Pour revenir au fond du dossier, à partir de quand peut-on parler de responsabilité dans le domaine de l'amiante ? Les associations de victimes soulignent souvent que la connaissance des dangers de l'amiante remonte à plus d'un siècle, la référence étant alors le rapport Auribault de 1906. Il convient cependant de distinguer un texte qui attire l'attention sur un risque, comme c'est encore le cas aujourd'hui, par exemple, au sujet des téléphones portables, des études des années 1950, publiées dans différents pays, qui établissent avec certitude cette fois les conséquences mortelles de l'exposition à l'amiante. Certains pays ont réagi rapidement, alors qu'ailleurs, comme en France, le poids des groupes de pression, du Comité permanent amiante (CPA) par exemple – aux mensonges éhontés– , a bloqué pendant près d'un demi-siècle l'interdiction totale de l'amiante.
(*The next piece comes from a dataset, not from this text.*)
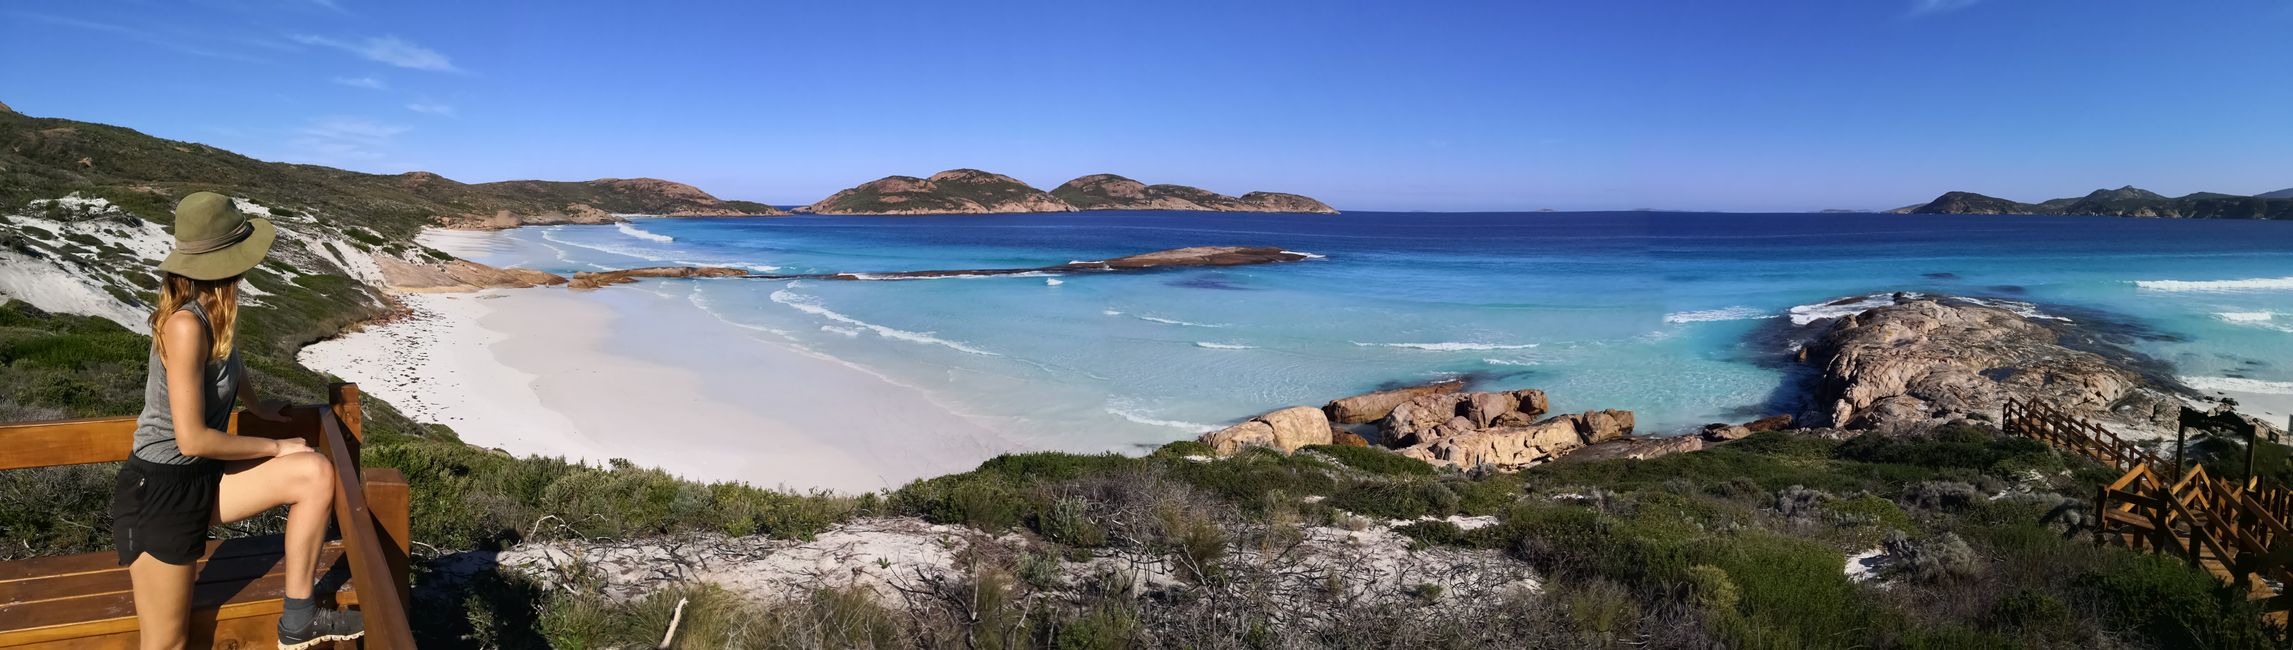 dreamy shades of blue in Lucky Bay
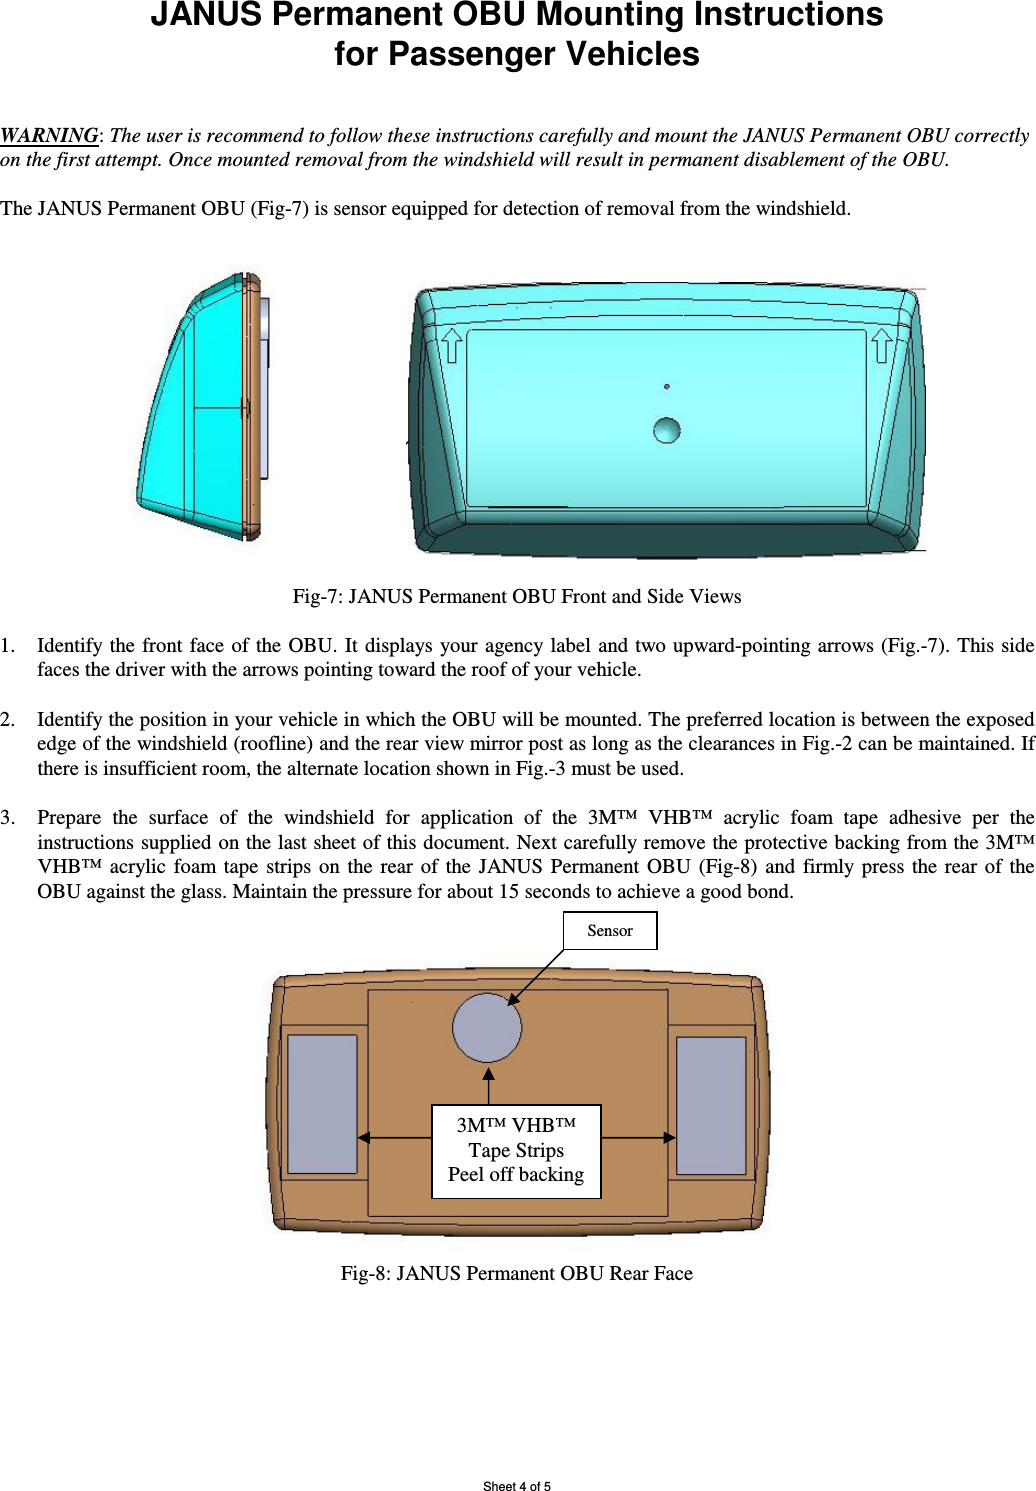 Sheet 4 of 5 JANUS Permanent OBU Mounting Instructions  for Passenger Vehicles   WARNING: The user is recommend to follow these instructions carefully and mount the JANUS Permanent OBU correctly on the first attempt. Once mounted removal from the windshield will result in permanent disablement of the OBU.   The JANUS Permanent OBU (Fig-7) is sensor equipped for detection of removal from the windshield.                                                 Fig-7: JANUS Permanent OBU Front and Side Views  1. Identify the front face  of the OBU. It displays your agency label  and two upward-pointing arrows (Fig.-7). This side faces the driver with the arrows pointing toward the roof of your vehicle.  2. Identify the position in your vehicle in which the OBU will be mounted. The preferred location is between the exposed edge of the windshield (roofline) and the rear view mirror post as long as the clearances in Fig.-2 can be maintained. If there is insufficient room, the alternate location shown in Fig.-3 must be used. 3. Prepare  the  surface  of  the  windshield  for  application  of  the  3M™  VHB™  acrylic  foam  tape  adhesive  per  the instructions supplied on the last sheet of this document. Next carefully remove the protective backing from the 3M™ VHB™  acrylic  foam  tape  strips  on  the  rear  of  the  JANUS  Permanent  OBU  (Fig-8)  and  firmly  press  the  rear  of the OBU against the glass. Maintain the pressure for about 15 seconds to achieve a good bond.  Fig-8: JANUS Permanent OBU Rear Face   Sensor 3M™ VHB™ Tape Strips Peel off backing

Le cas du Centre hospitalier universitaire de Caen illustre la nécessité d'un procès pénal unique et global par opposition à la multiplication de recours isolés. L'ancien directeur de ce centre a certes exposé un certain nombre de personnes à l'amiante, mais nous autres aussi, élus locaux, qui pouvons être considérés comme continuant d'exposer les enfants de nos écoles ou les habitants de nos logements sociaux. Ce serait la vertu de ce procès pénal de clarifier les responsabilités de chacun, et d'éviter que se reproduisent des catastrophes du même ordre, aux conséquences humaines immédiates mais aussi, à plus long terme, économiques. Rappelons que le désamiantage, aujourd'hui techniquement possible, est d'un coût prohibitif.
Sur la pénibilité, je rappellerai que les personnes qui bénéficient de l'allocation de cessation anticipée d'activité des travailleurs de l'amiante ont été exposées à cette substance mais ne sont pas forcément malades à cinquante ans. Si l'on a décidé qu'elles pouvaient bénéficier d'une retraite précoce, c'est que, malheureusement pour elles, elles vivront, pour la majorité d'entre elles, bien moins longtemps que les personnes non exposées et dans des conditions parfois terribles : les derniers mois d'une personne atteinte d'un mésothéliome sont bouleversants. Reconnaître la pénibilité, c'est donc tenir compte de conditions qui aboutissent à une espérance de vie plus courte.